▶ _Work instructions_: Please transcribe only the lines from the one holding "[언론기사보기] 2019 이공계대학평가, 한양대 2위 ... 사립대 최고점" through the final line of the data, both included, with no pictures.

(Data shown begins)

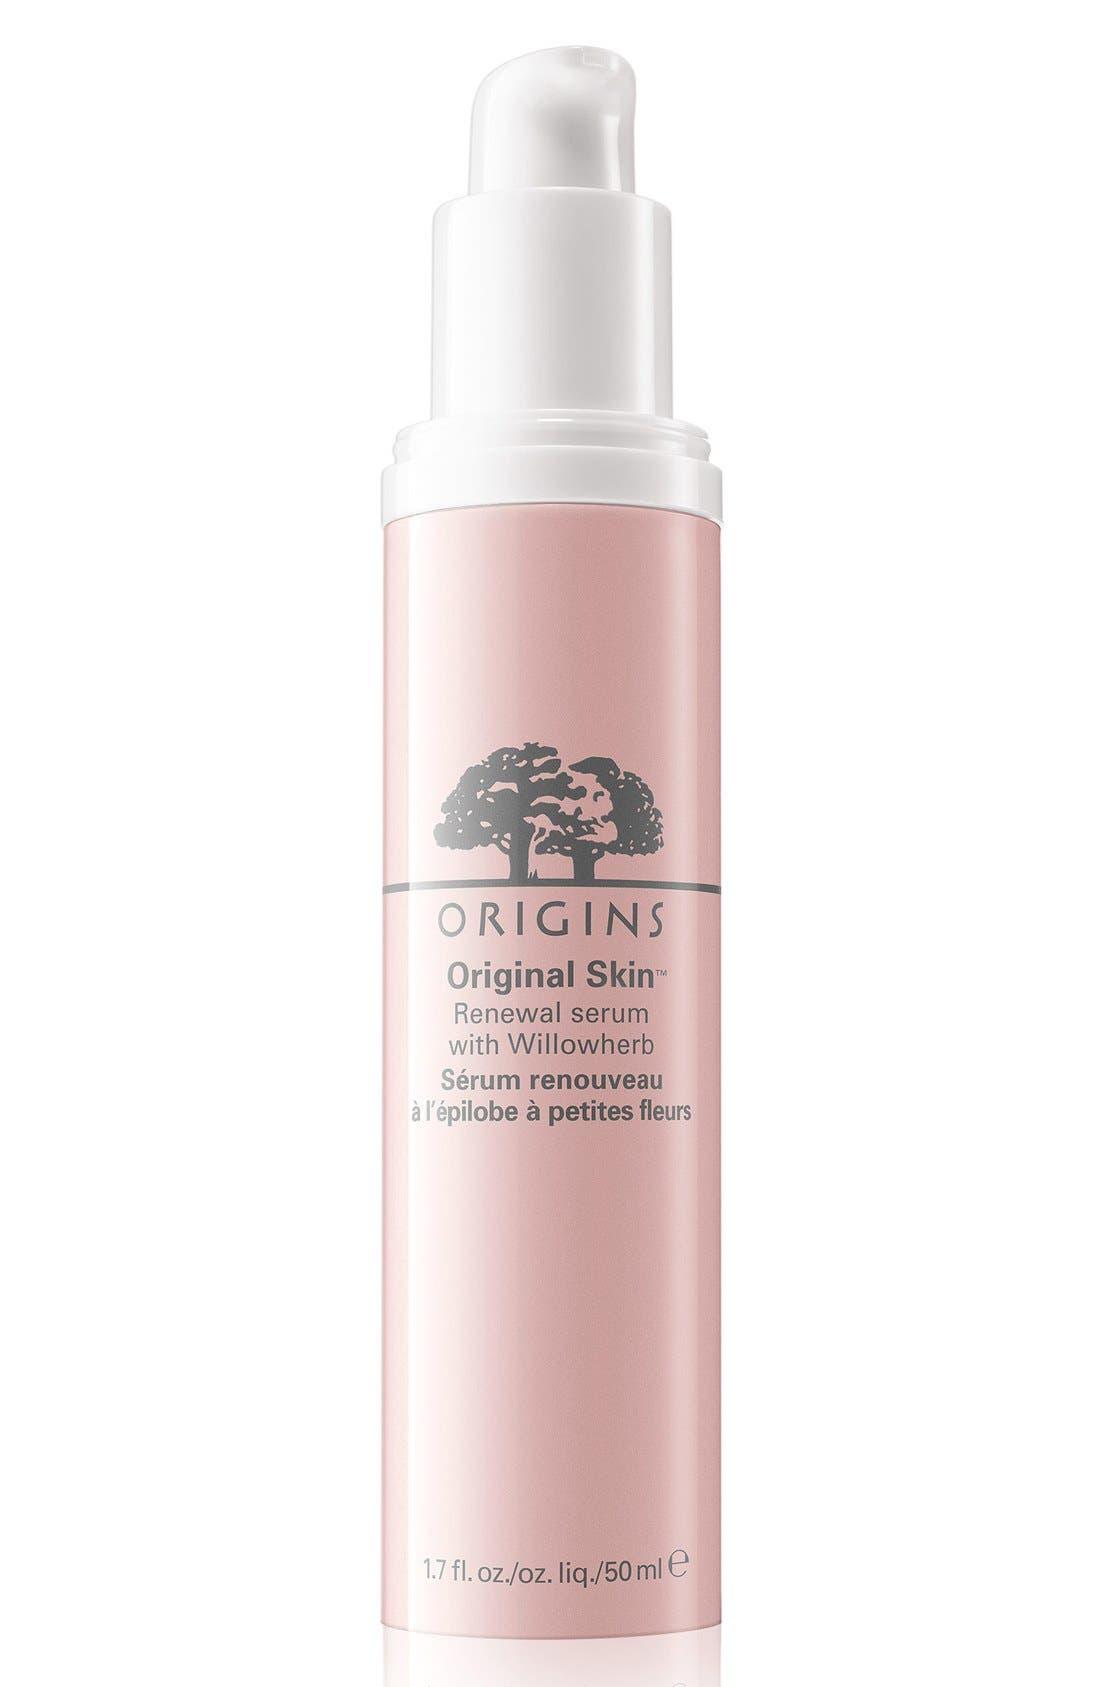 Origins Original Skin™ Renewal Serum with Willowherb
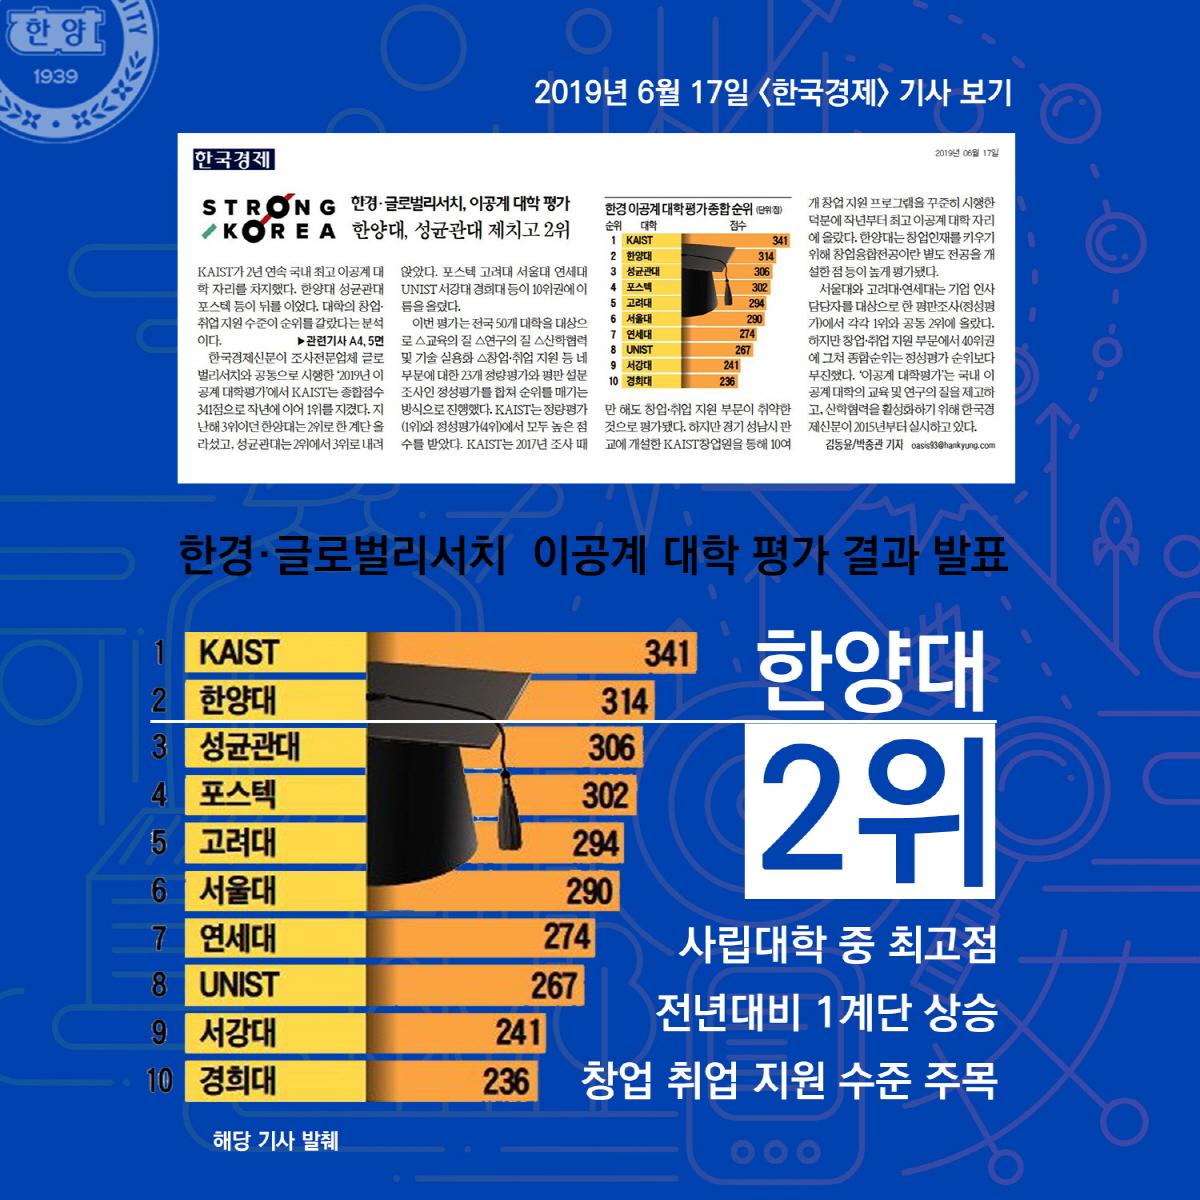 [언론기사보기] 2019 이공계대학평가, 한양대 2위 ... 사립대 최고점
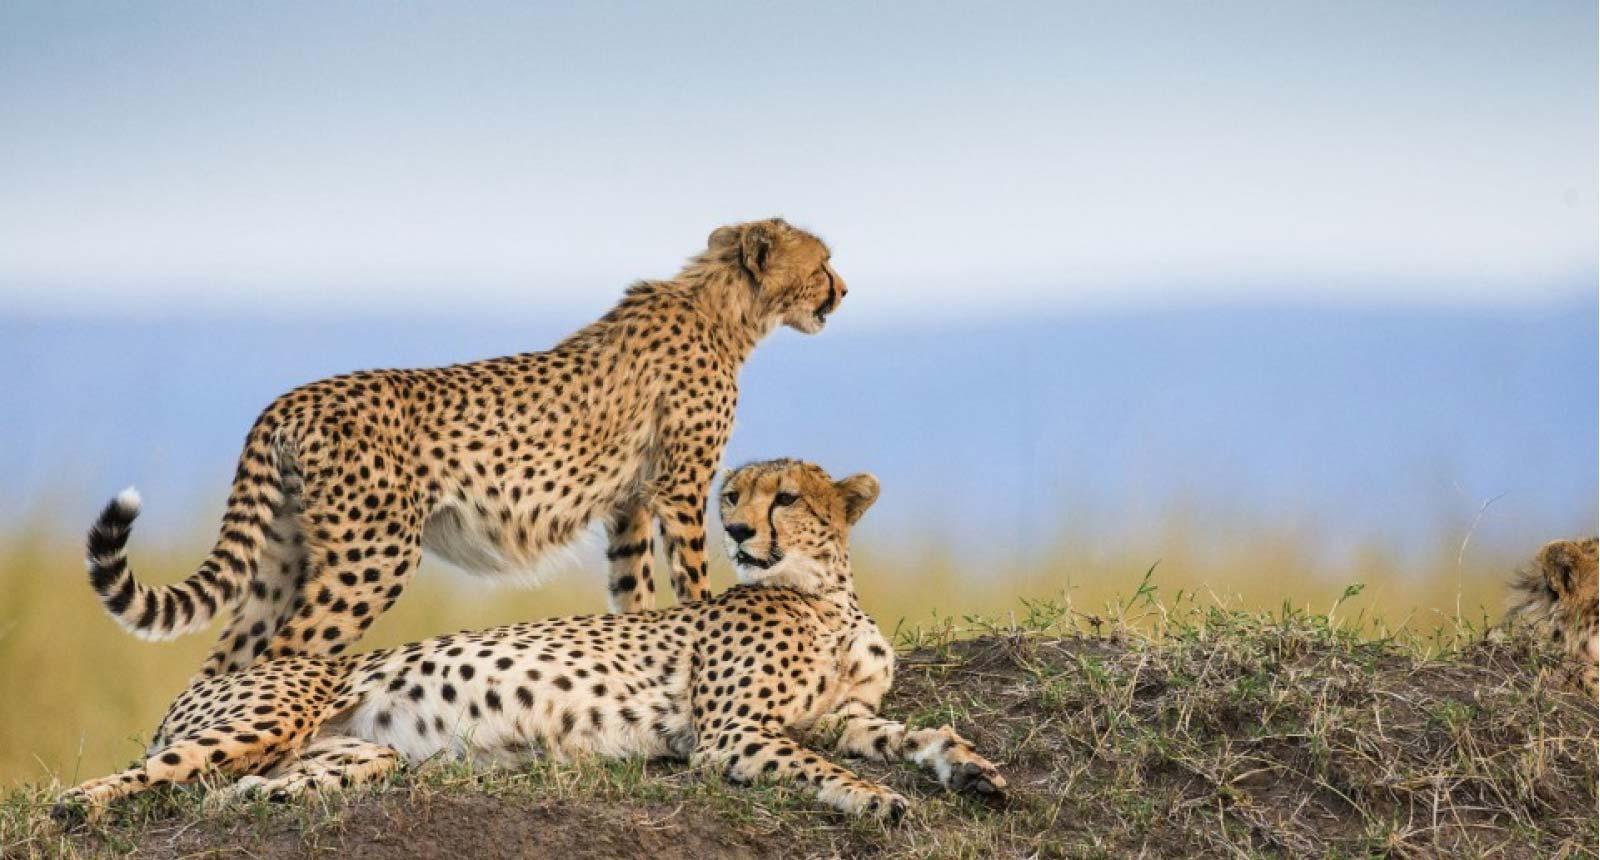 Tsavo, Amboseli National Parks
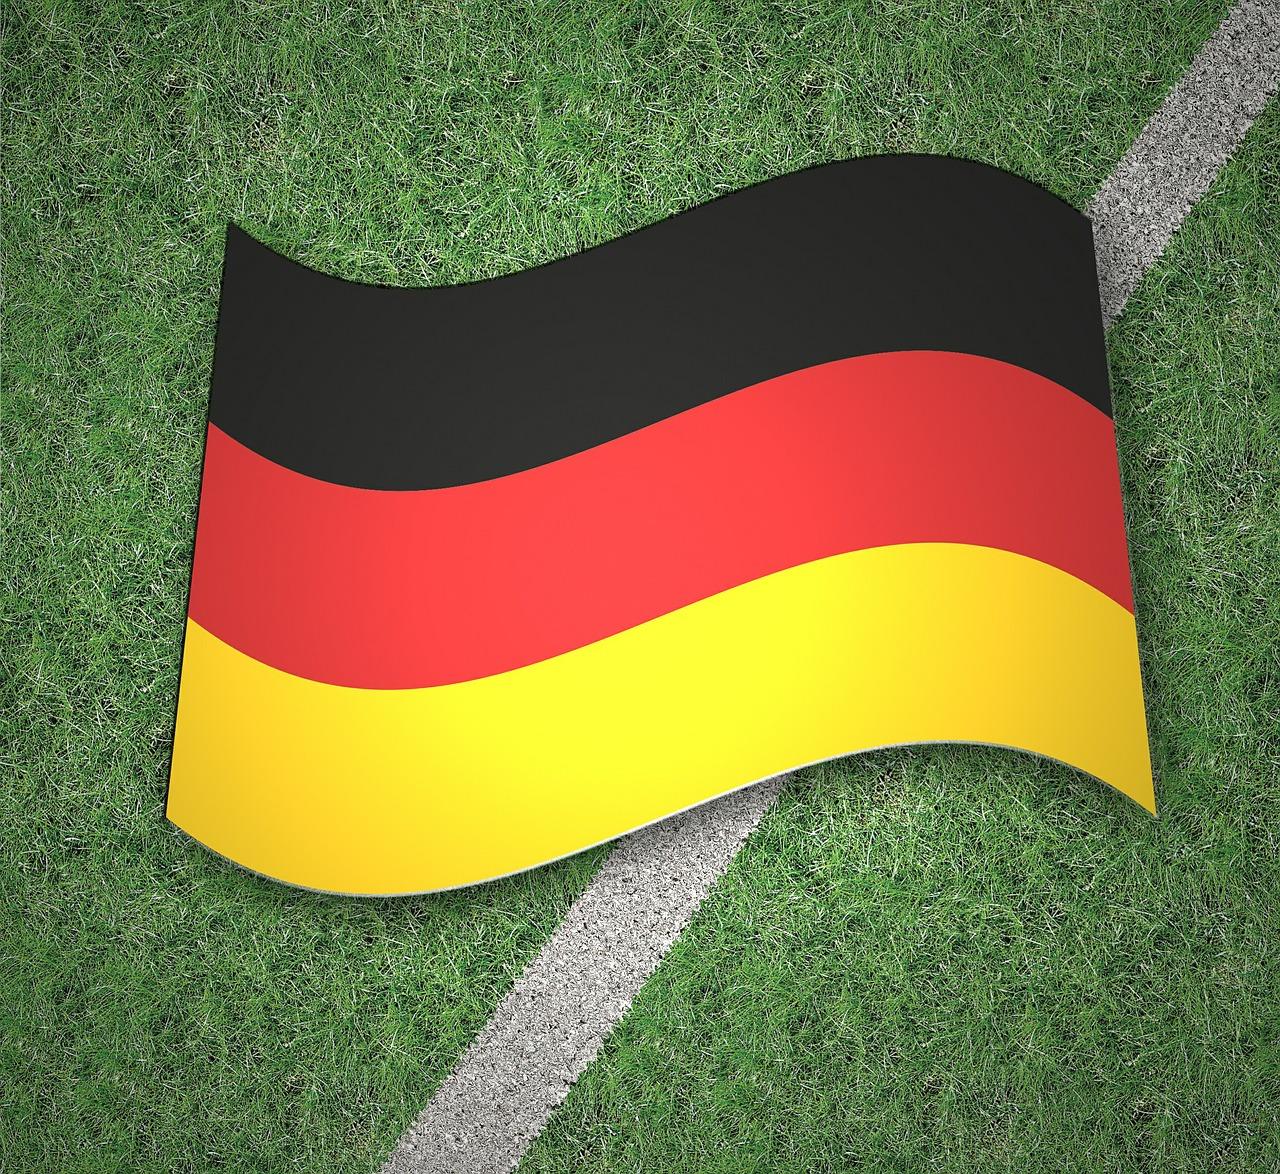 Fußball-Vokabular Deutsch/English/Kroatisch/Serbisch/…:

(Data shown ends)

▶ _Output of the exercise_:
 [언론기사보기] 2019 이공계대학평가, 한양대 2위 ... 사립대 최고점
 Tsavo, Amboseli National Parks
 Fußball-Vokabular Deutsch/English/Kroatisch/Serbisch/…:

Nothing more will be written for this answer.